Figure 1. Action model for integrated care (IC)
Operational quality outcomes are crucial for the design of IC. Mortality is seldom a major indicator for IC. Typically, studies of effectiveness on IC address activities of daily living (ADL) as:
- 1.
Referrals to permanent institutional care (i.e. nursing homes)
- 2.
Independence in ADL as indicated by functional indices as Barthel Index (BI) or Functional Independence Measure (FIM)
- 3.
Shortened length-of-stay at hospitals / less readmissions
Evaluation of the relationship between IC and outcomes will follow best international practice as formalised in the international operation of Health Technology Assessment (HTA).

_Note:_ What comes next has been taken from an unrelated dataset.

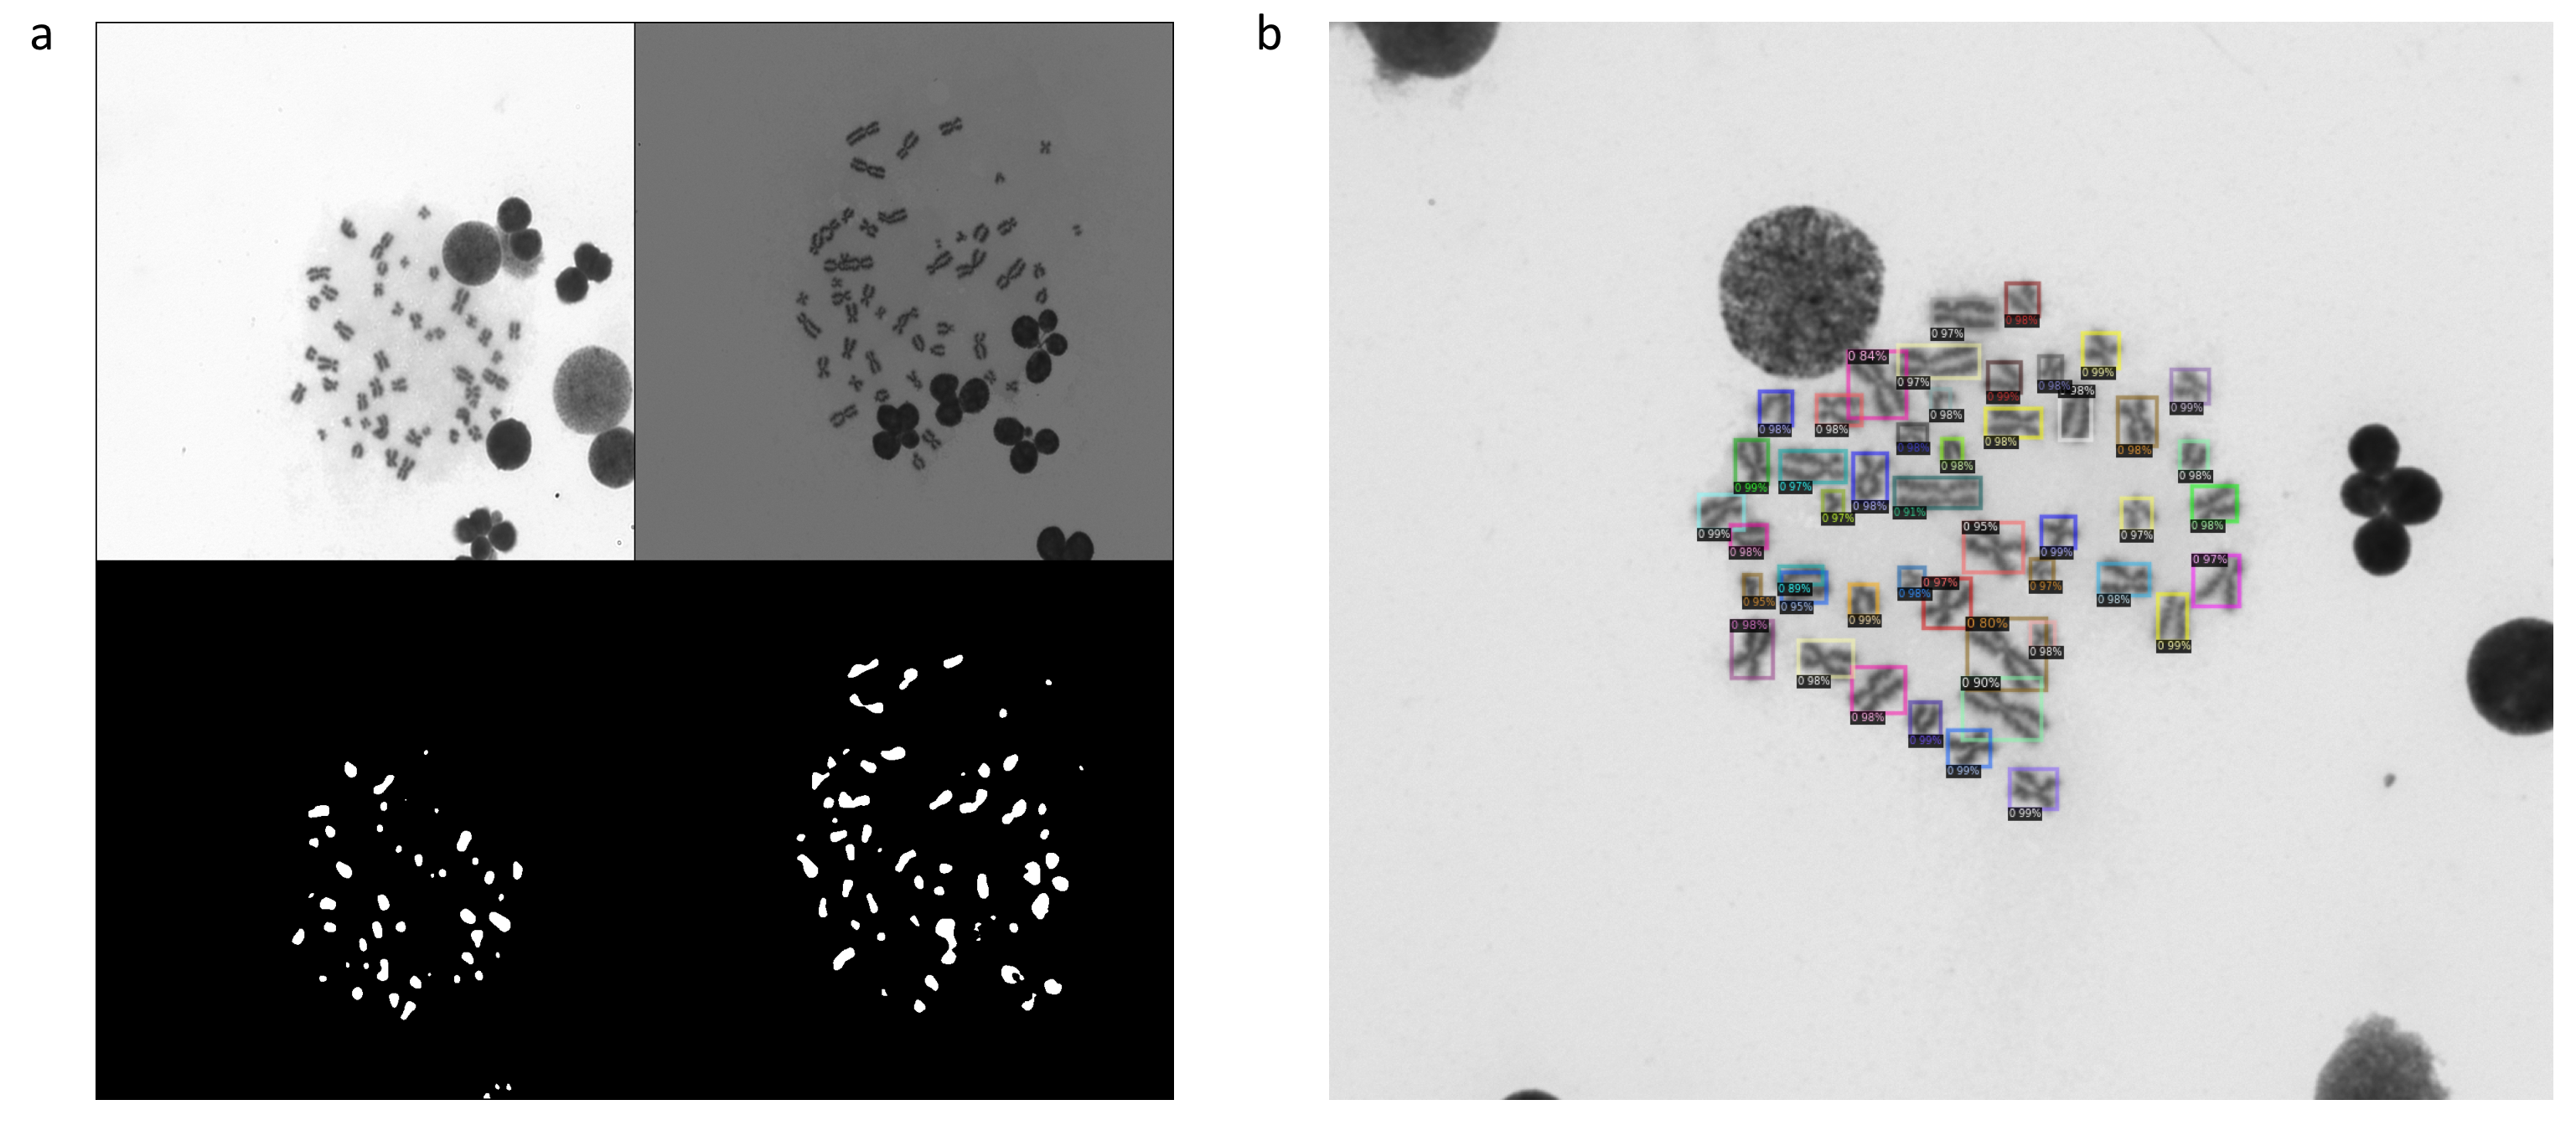 Localization of chromosomes in GIEMSA images.a, A pair of GIEMSA images and the segmentation maps by U-Net. b, The rectangles correspond to the chromosome locations predicted by Faster R-CNN. Each score is a class confidence metric.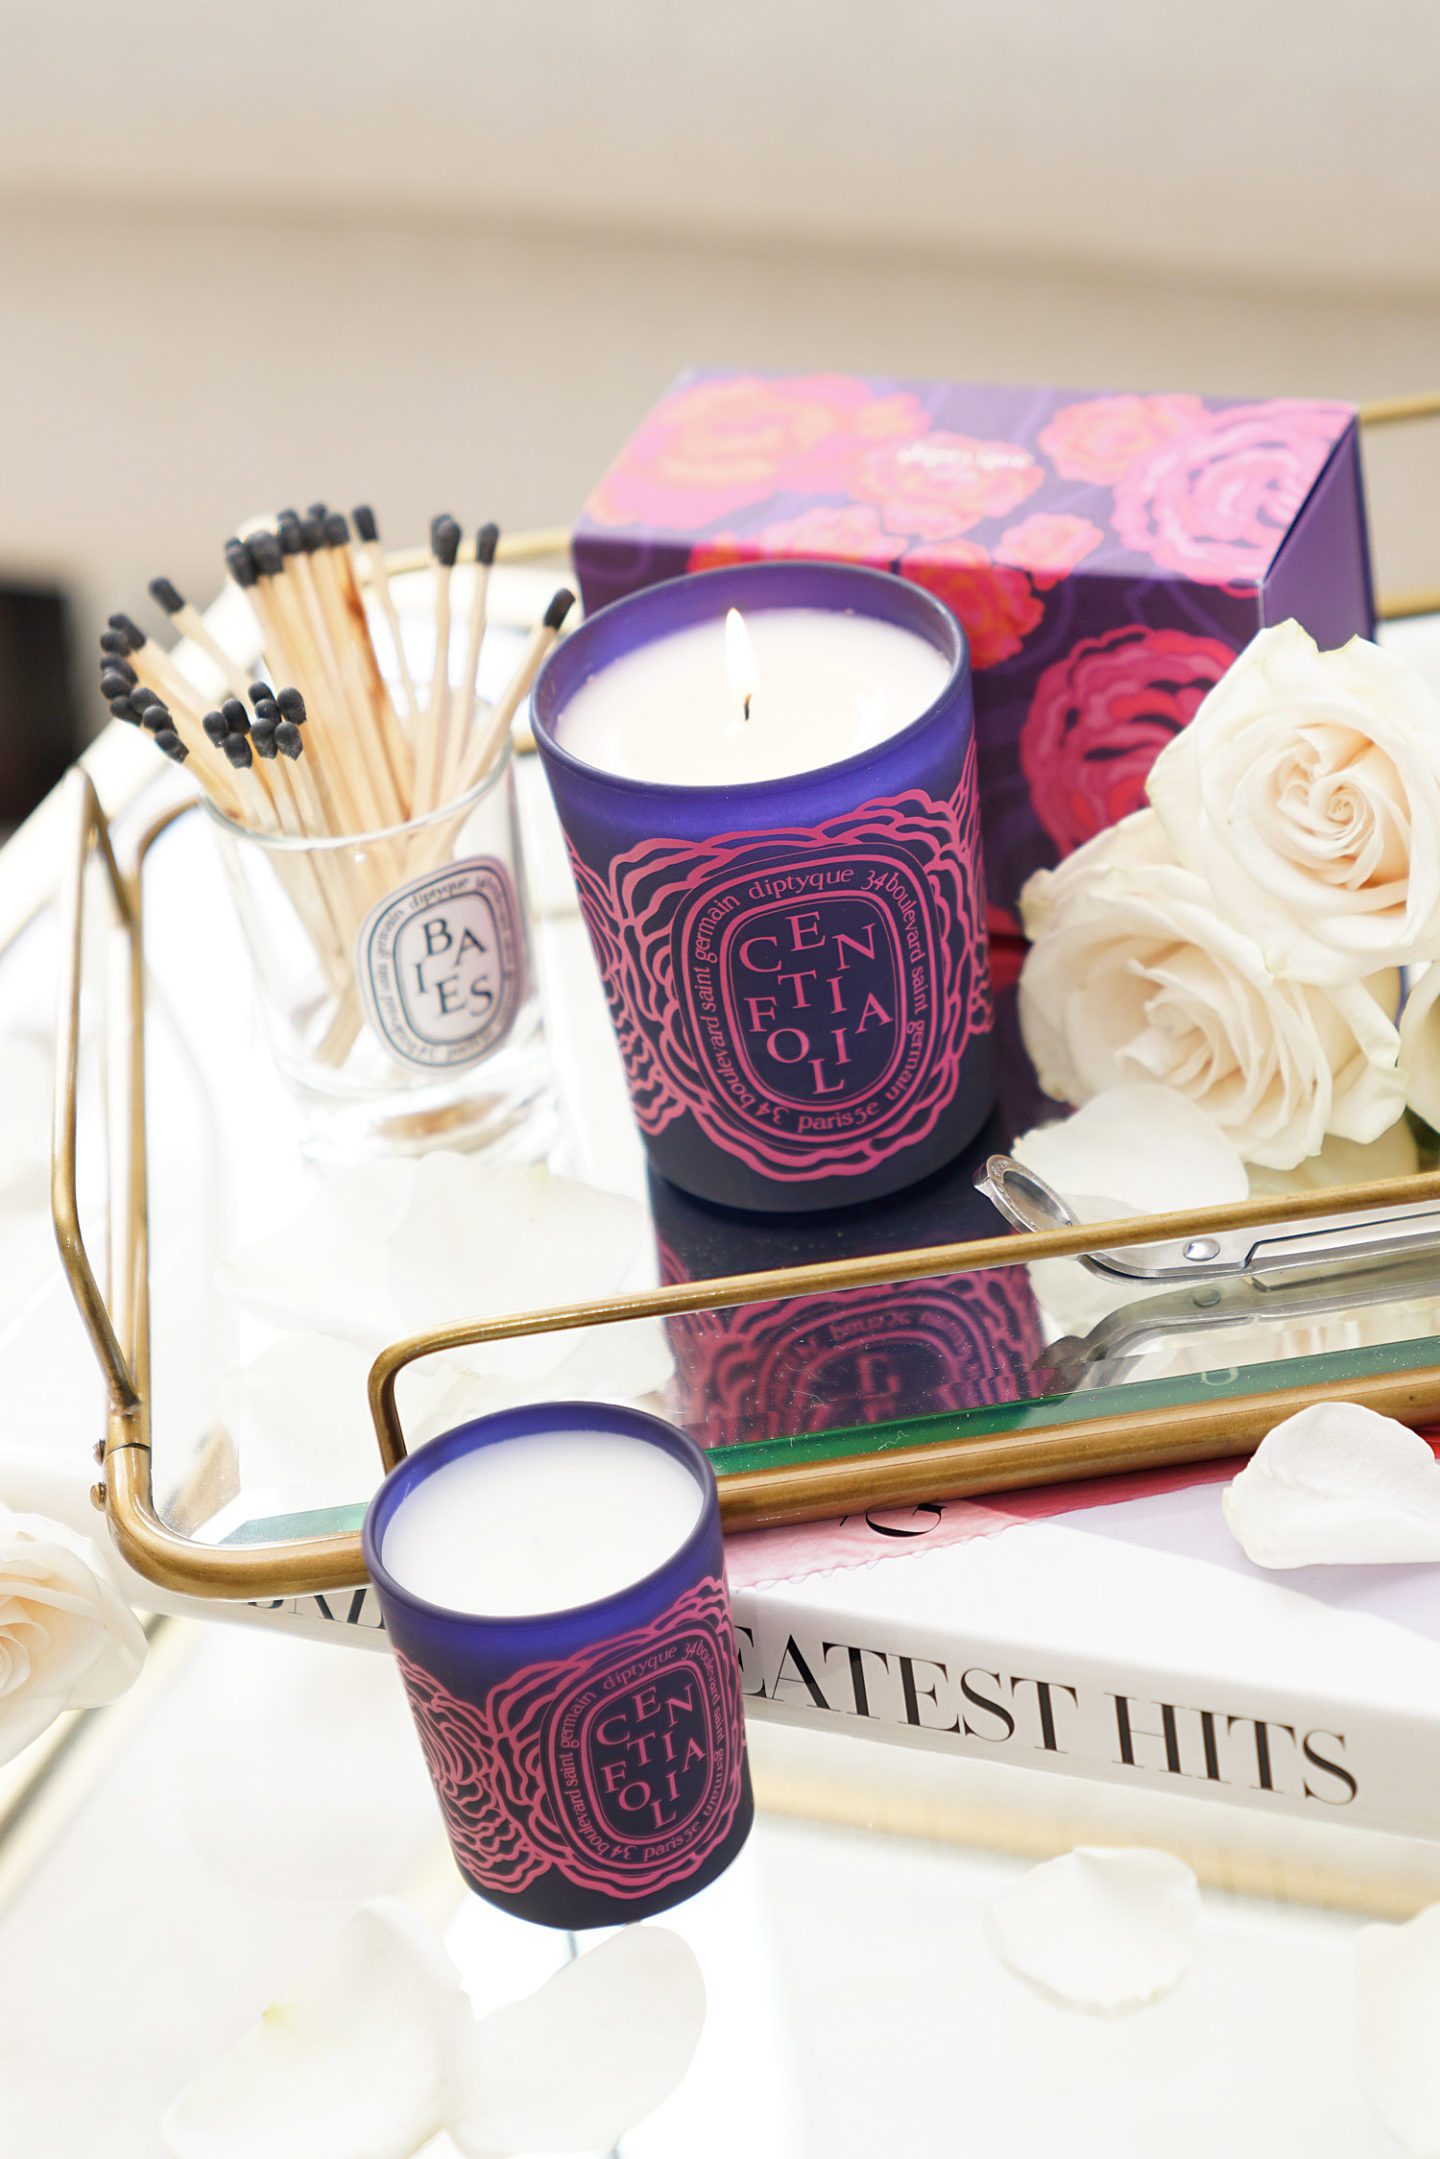 The Beauty Look Book Diptyque Valentine's Day Roses Candles Centifolia Review

According to the definition of HTA by EUnetHTA:
Health technology assessment (HTA) is a multidisciplinary process that summarises information about the medical, social, economic and ethical issues related to the use of a health technology in a systematic, transparent, unbiased, robust manner. It aims to inform the formulation of safe and effective health policies that are patient focused and seek best value.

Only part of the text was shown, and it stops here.